▶ _THE DATA_:
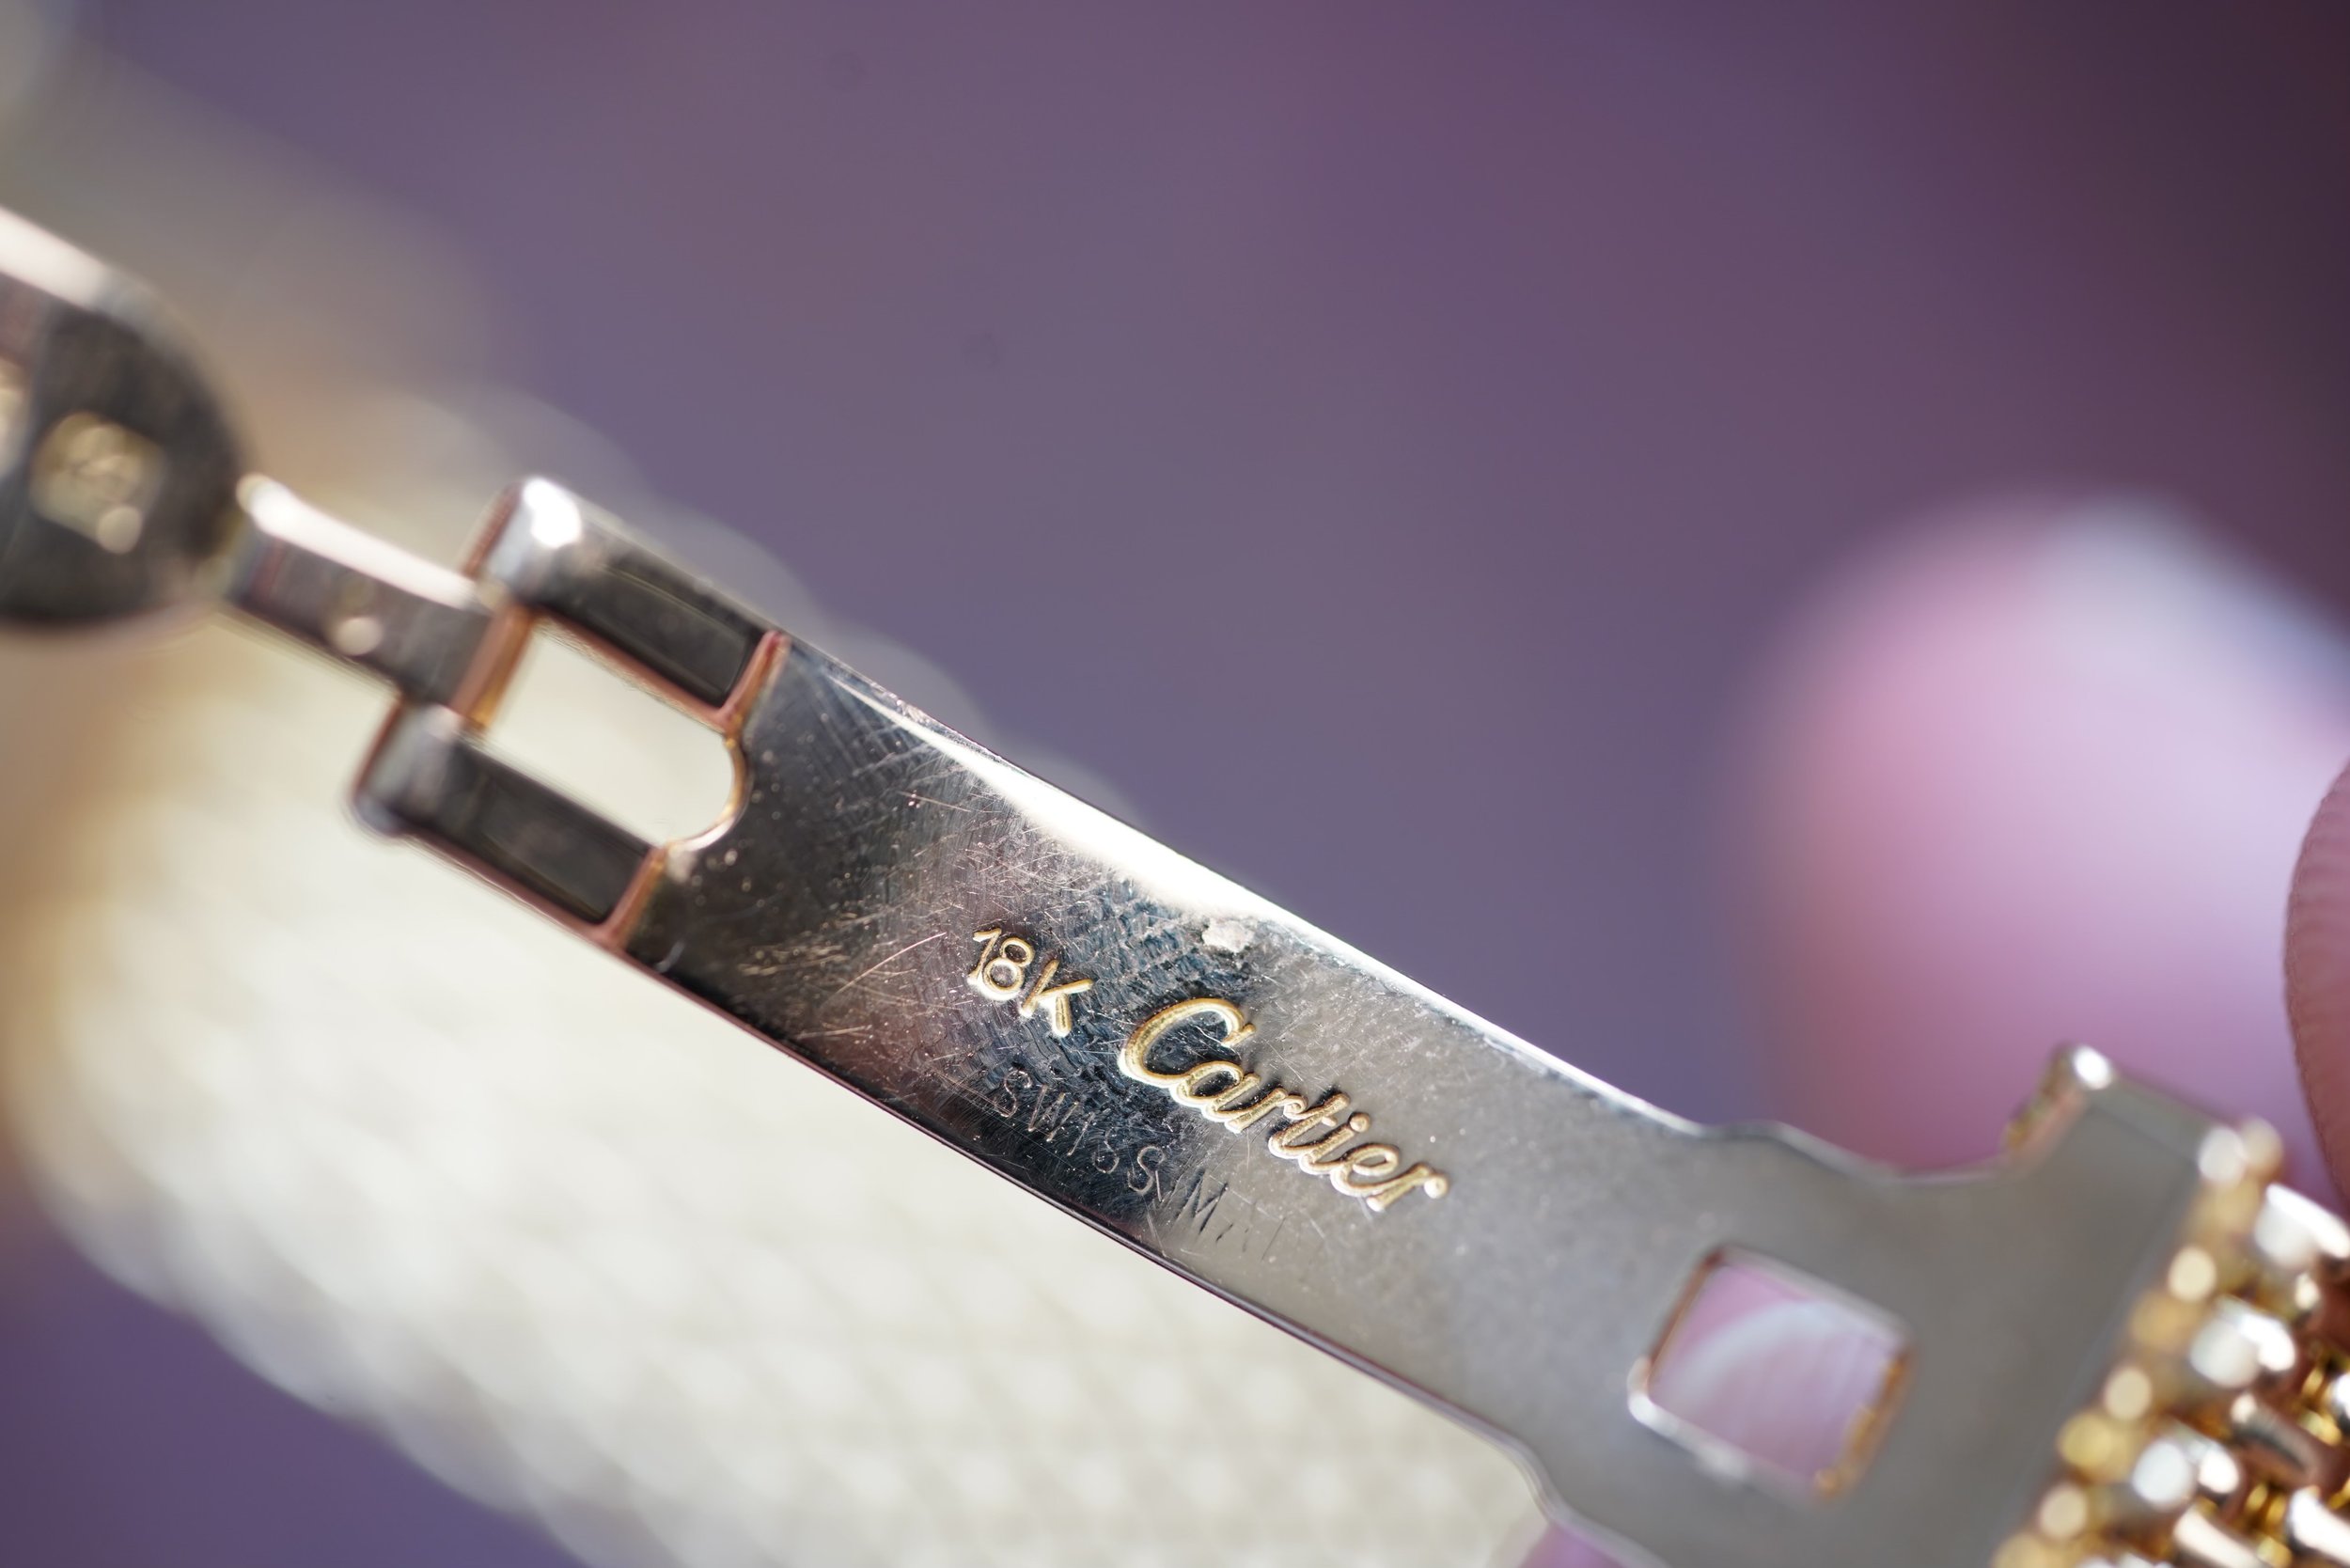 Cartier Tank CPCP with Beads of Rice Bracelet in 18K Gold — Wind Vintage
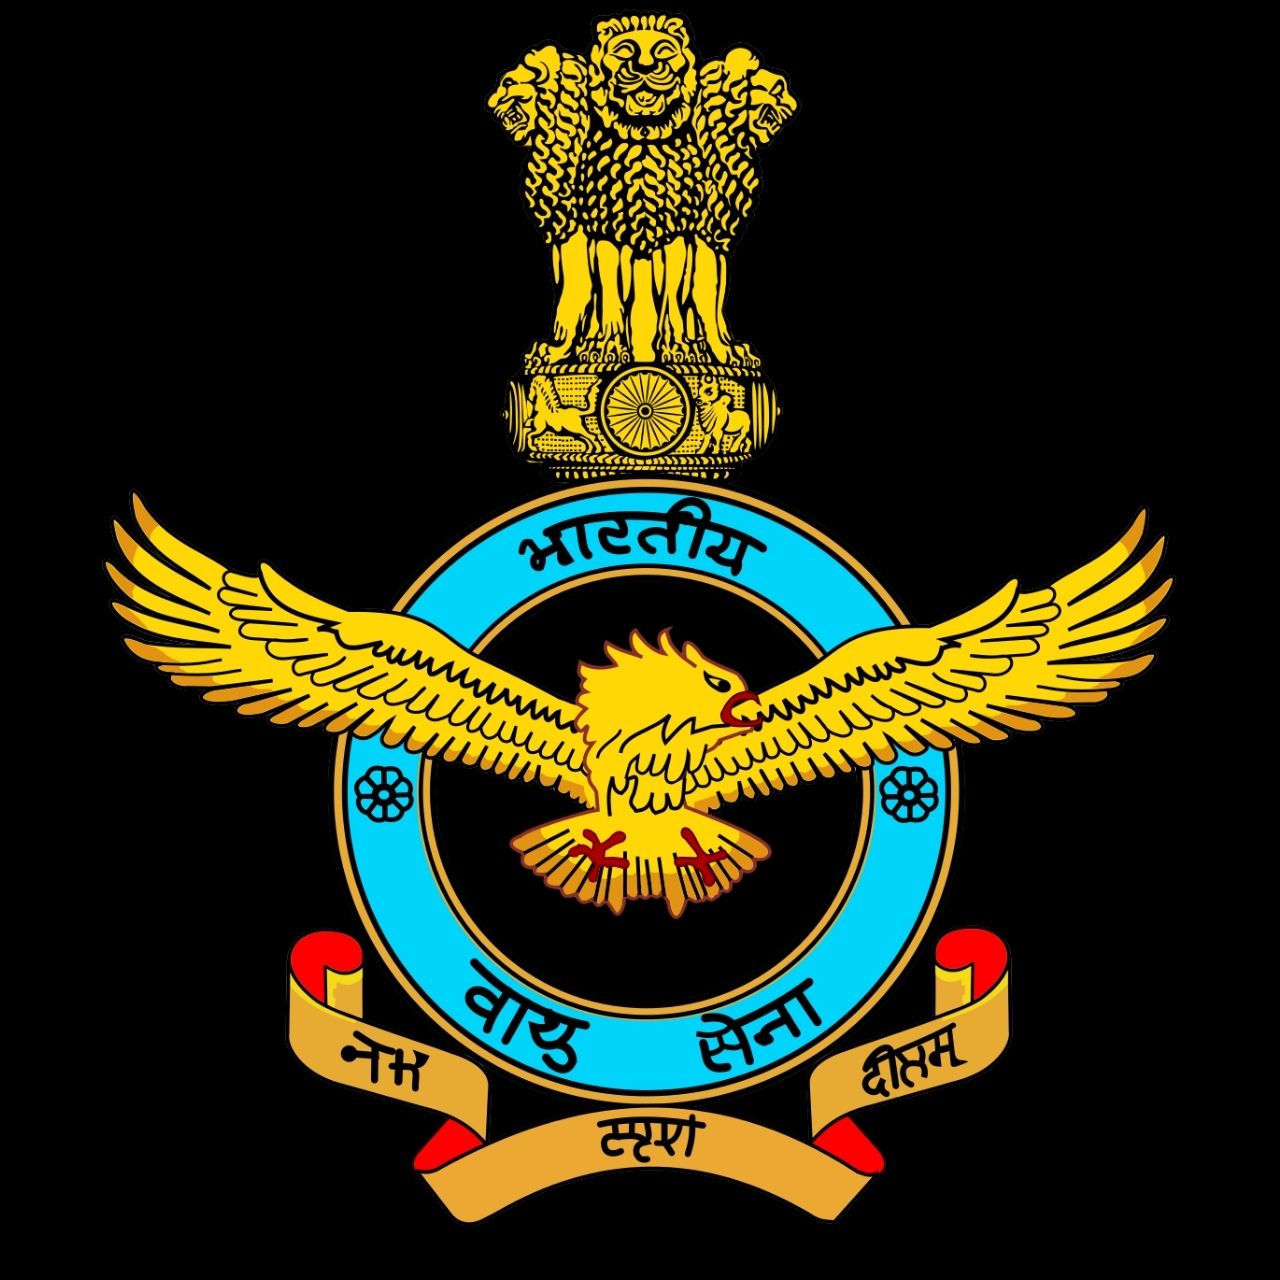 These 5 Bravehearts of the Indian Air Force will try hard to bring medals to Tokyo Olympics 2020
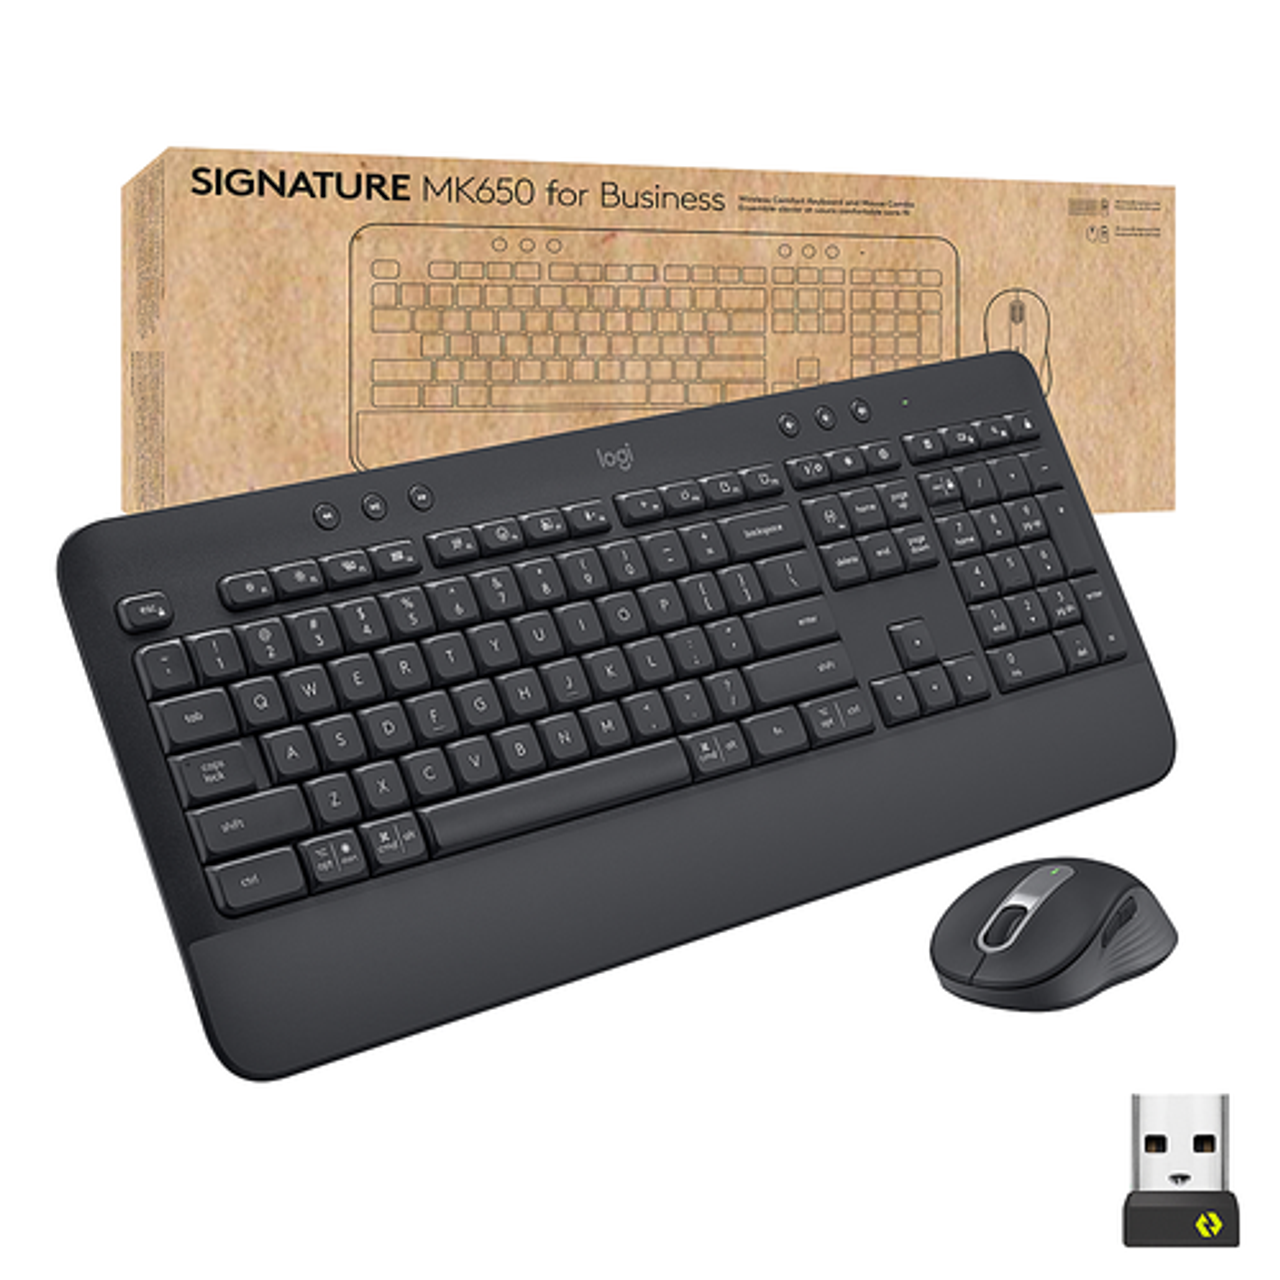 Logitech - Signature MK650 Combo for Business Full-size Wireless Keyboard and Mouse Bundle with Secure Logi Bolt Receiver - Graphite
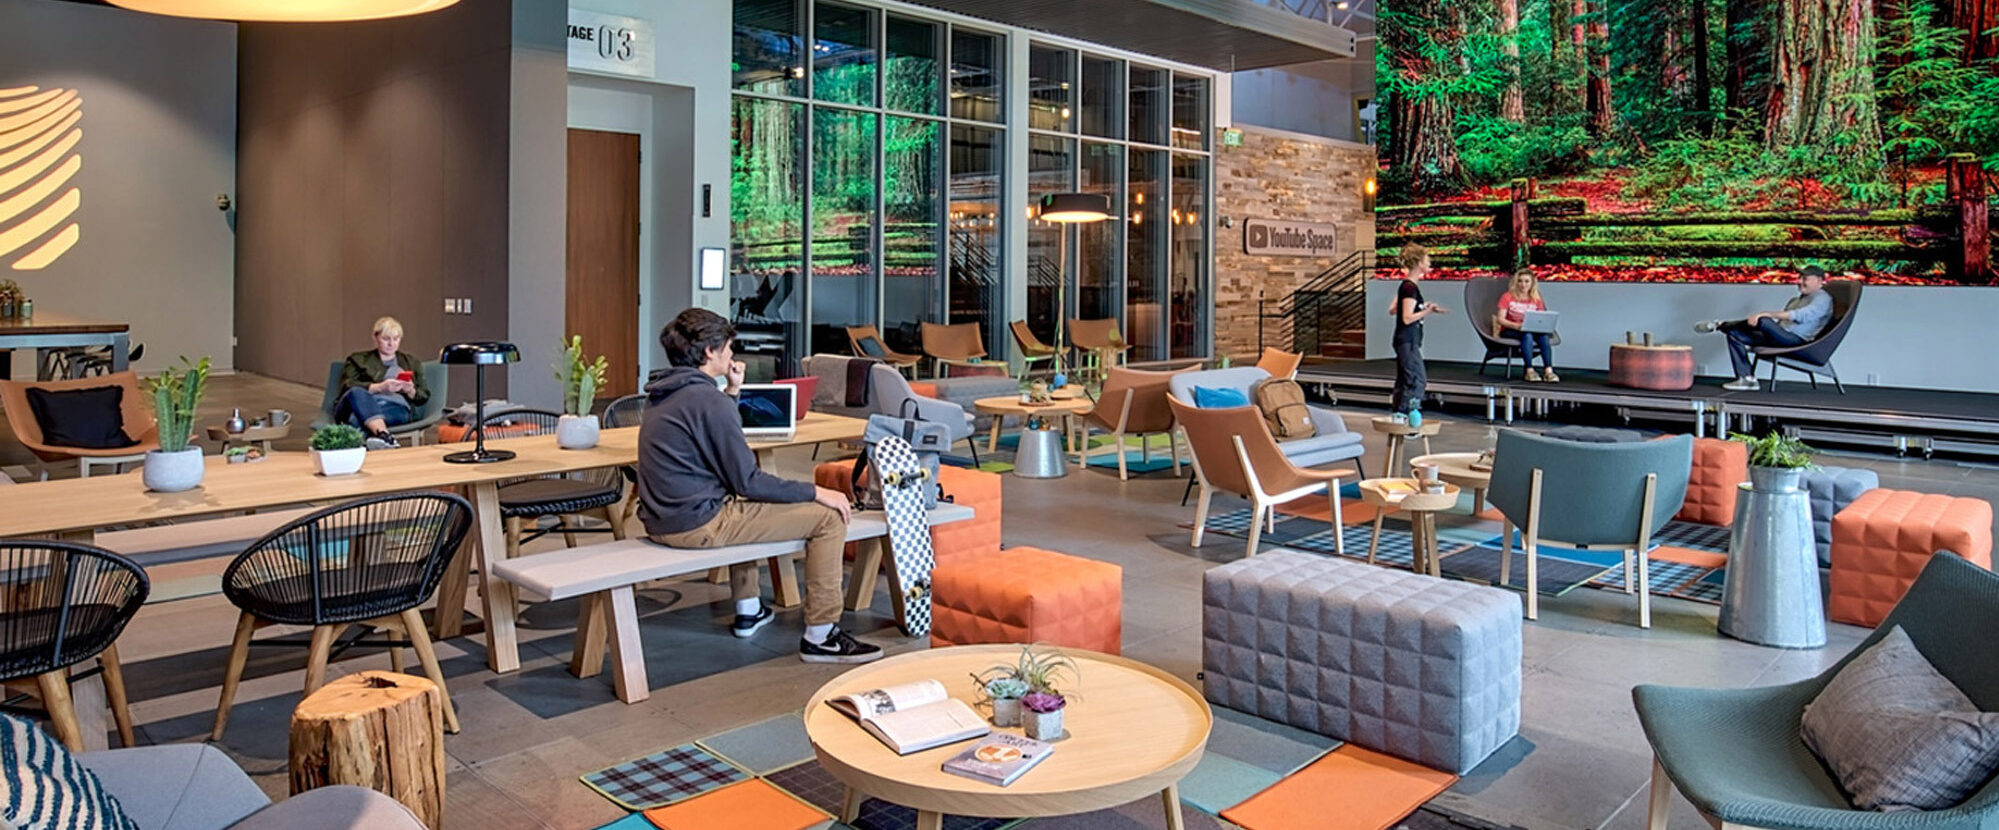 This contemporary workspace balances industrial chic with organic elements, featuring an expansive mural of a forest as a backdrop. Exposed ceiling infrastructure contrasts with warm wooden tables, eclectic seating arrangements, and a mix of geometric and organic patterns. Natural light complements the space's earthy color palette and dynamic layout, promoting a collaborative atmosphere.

▶ _WORK ORDER_: What is needed is a word-for-word copy of the data, minus its pictures.

▶ _REPLY_:
 Cartier Tank CPCP with Beads of Rice Bracelet in 18K Gold — Wind Vintage
 These 5 Bravehearts of the Indian Air Force will try hard to bring medals to Tokyo Olympics 2020
 Logitech - Signature MK650 Combo for Business Full-size Wireless Keyboard and Mouse Bundle with Secure Logi Bolt Receiver - Graphite
 This contemporary workspace balances industrial chic with organic elements, featuring an expansive mural of a forest as a backdrop. Exposed ceiling infrastructure contrasts with warm wooden tables, eclectic seating arrangements, and a mix of geometric and organic patterns. Natural light complements the space's earthy color palette and dynamic layout, promoting a collaborative atmosphere.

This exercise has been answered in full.